Je nach dem, wie radioaktiv das benutzte Material ist, desto größer wären die Opfer und die finanziellen Schäden, die die radioaktive Strahlung hervorrufen kann. Dem konventionellen Sprengstoff, mit der die „schmutzige Bombe“ gezündet würde, würden in der Regel aber mehr Menschen zum Opfer fallen als der radiologischen Verseuchung. Der US-Experte Matthew Bunn schätzt, dass die durch eine schmutzige Bombe freigesetzte Radioaktivität „kurzfristig null bis ein paar Menschenleben, langfristig einige Hundert zusätzliche Krebstote“ bewirken würde (Matthew Bunn). Allerdings könnten die finanziellen Kosten einer Dekontaminierung hoch sein. Auch könnte der psychologische Effekt eine Panik sein. Deshalb werden solche „schmutzigen Bomben“ von Bunn auch als „Massenstörungswaffen – nicht Massenvernichtungswaffen“ bezeichnet.

Bisher hat noch kein einziger Terroranschlag mittels einer „schmutzigen Bombe“ stattgefunden. Das dürfte auch mit den Problemen der Beschaffung, des Umgangs mit dem radioaktiven Material und des Baus einer entsprechenden Bombe sowie mit der (begrenzten) potentiellen Wirksamkeit dieser Waffe zusammenhängen.

Wie die Gefahren eines Nuklearterrorismus eingedämmt werden können

Mehrere Schritte sind möglich, um das Risiko eines nuklearen Terrorismus - so gering es auch sein mag – noch weiter zu begrenzen.
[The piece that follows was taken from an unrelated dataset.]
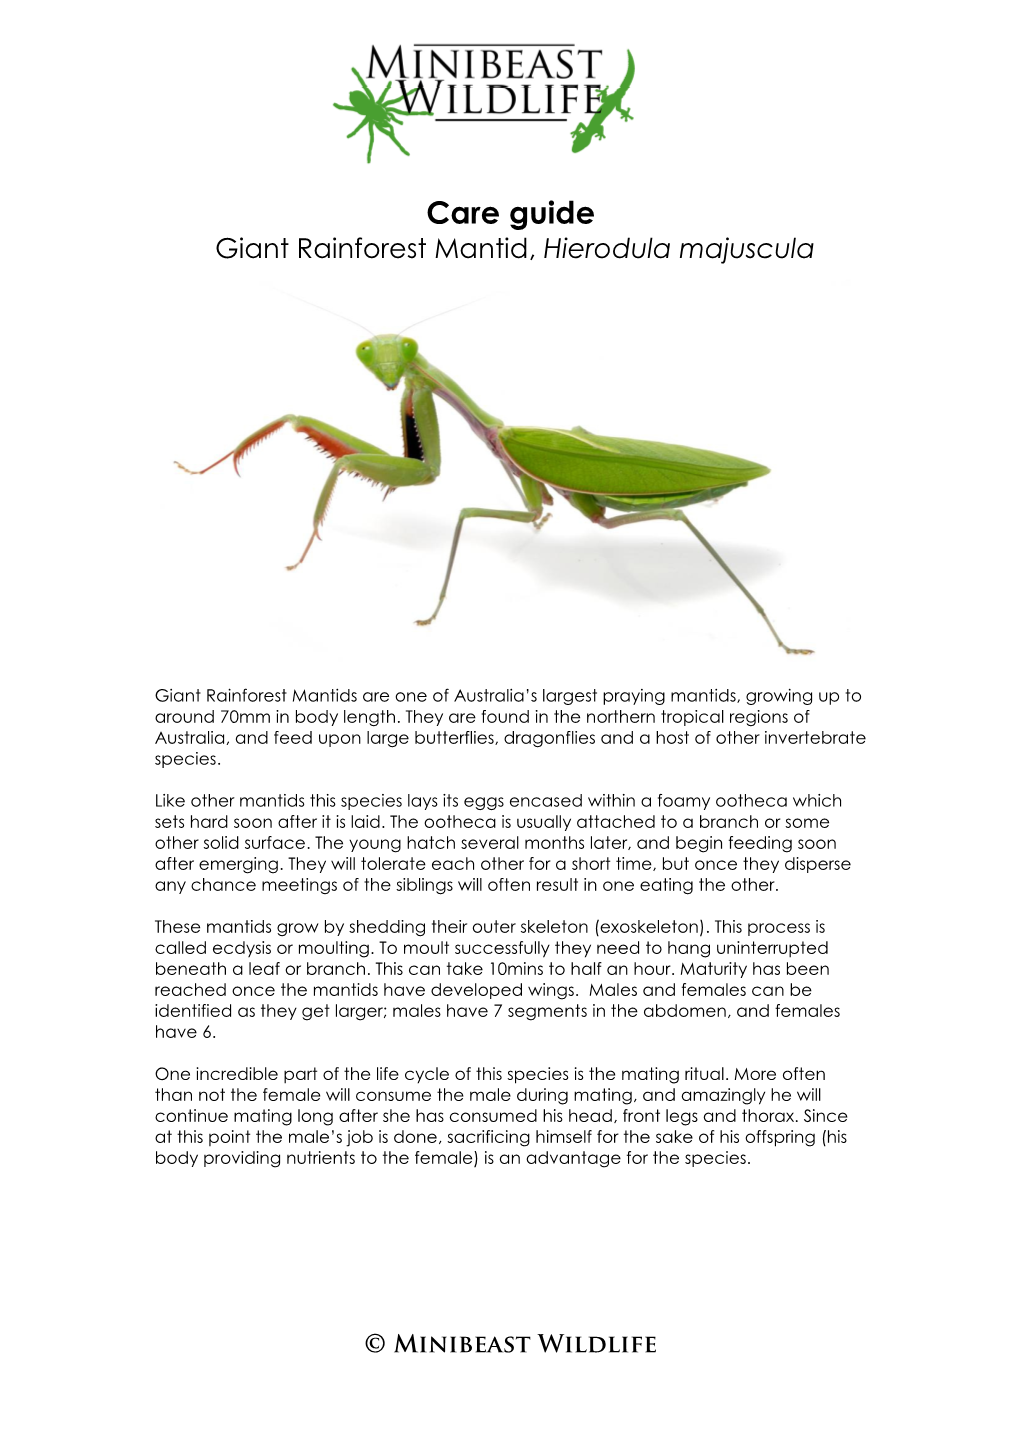 Giant Rainforest Mantis, Hierodula Majuscula

Zum einen sollten die Atomwaffenarsenale weiter reduziert werden. Zum anderen sollte insbesondere der Umgang mit hoch angereichertem Uran und Plutonium möglichst weitgehend zurückgefahren werden. Zum Beispiel können Forschungsreaktoren auch mit leicht angereichertem Uran betrieben werden. In den letzten Jahren haben schon 20 Staaten eine solche Umstellung durchgeführt, wodurch das Risiko eines Diebstahls dieses für die Herstellung von Atomwaffen benötigten Materials vermindert wurde. Schließlich müssen die Sicherheitsvorkehrungen für die vorhandenen Nuklearwaffen sowie für alle militärischen und zivilen nuklearen Anlagen – insbesondere diejenigen, in denen mit Plutonium oder hoch angereichertem Uran gearbeitet wird - erhöht werden. Für Letzteres setzen sich auch zahlreiche Staaten ein, die 2010 auf Initiative des US-Präsidenten Barack Obama in Washington und 2012 in Seoul zum „Nukleargipfel“ zusammengekommen sind.